I want to say this with grace and help save you from being the idiot that I was. I do not judge you for what you do not know. I do not judge you for not knowing how to care about others during their hard and dark seasons. I write this for when our friends go through something hard, or when YOU go through something hard.
First, let’s just clear the air with a few things NOT to do.
- Don’t tell them you’ll pray for them, act as if you care, and then never check in, touch base, or send a note again. Don’t say “I’m thinking of you” if you’re not thinking of them. It’s obvious. How do I know? Because I’ve had friends say these things and then a month down the road, I’d see them and what we had gone through was the farthest thing on their mind. It was like they had “concern amnesia.” That’s a yucky feeling, feeling forgotten during your season of sadness especially when you already feel alone. So just don’t say it if you don’t mean it and if you don’t plan on following through.

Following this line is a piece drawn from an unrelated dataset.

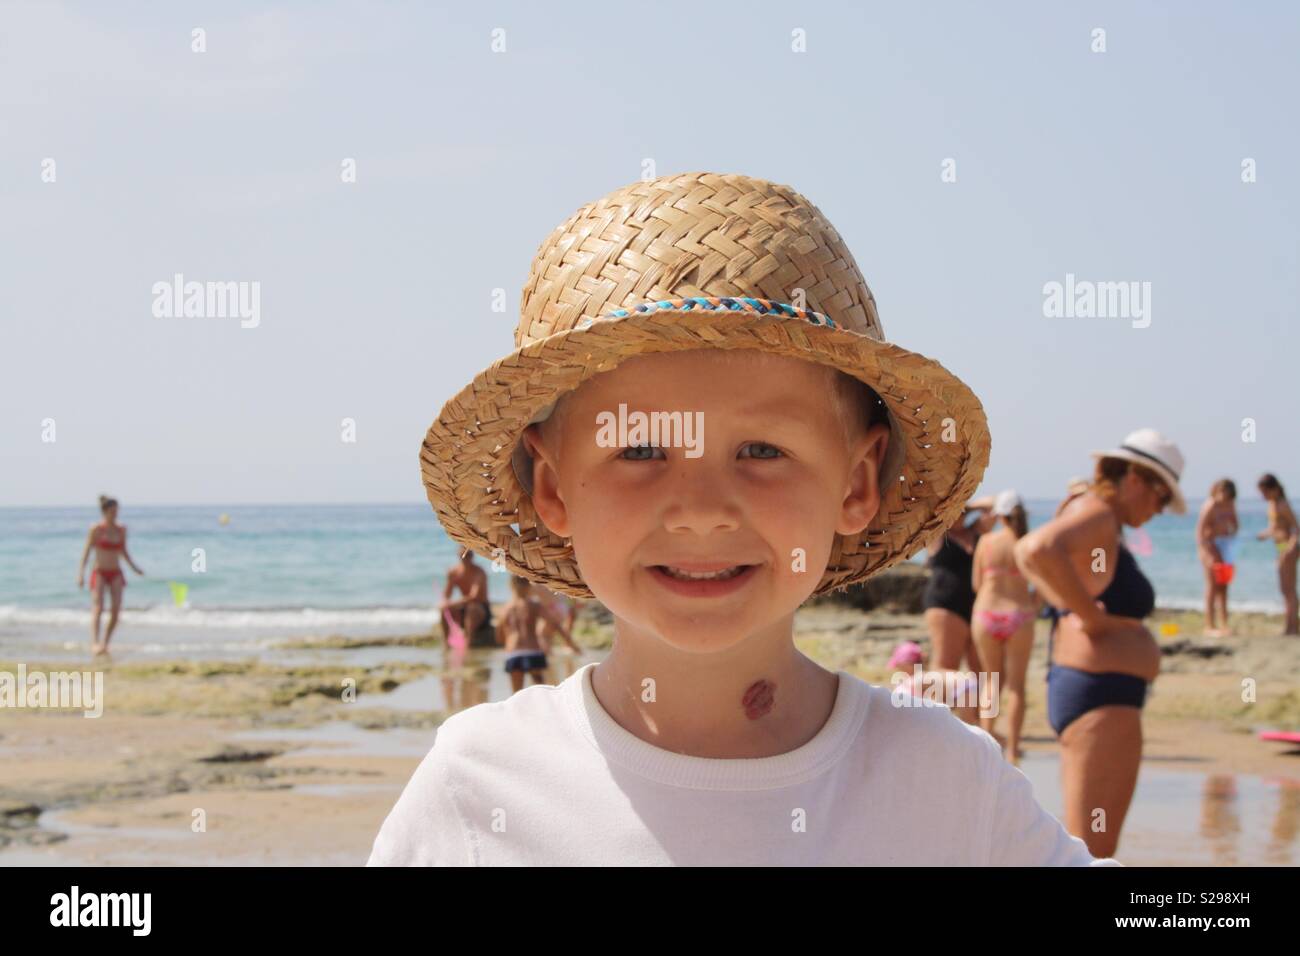 Junge trägt einen Strohhut auf einem Strand Stockfoto

- Don’t say “Let me know if you need anything.” When someone is in crisis or emergency mode, when their pain is so severe it’s all they can do to get themselves to breathe; they will not remember, know, or care to call you with a request of needs. There were times I had forgotten to eat, desperately needed a shower, and needed to be reminded to go outside and get fresh air. I couldn’t make you a list of how to help me. Plus, who wants to be the person calling and asking for simple things like dinner, or help cleaning?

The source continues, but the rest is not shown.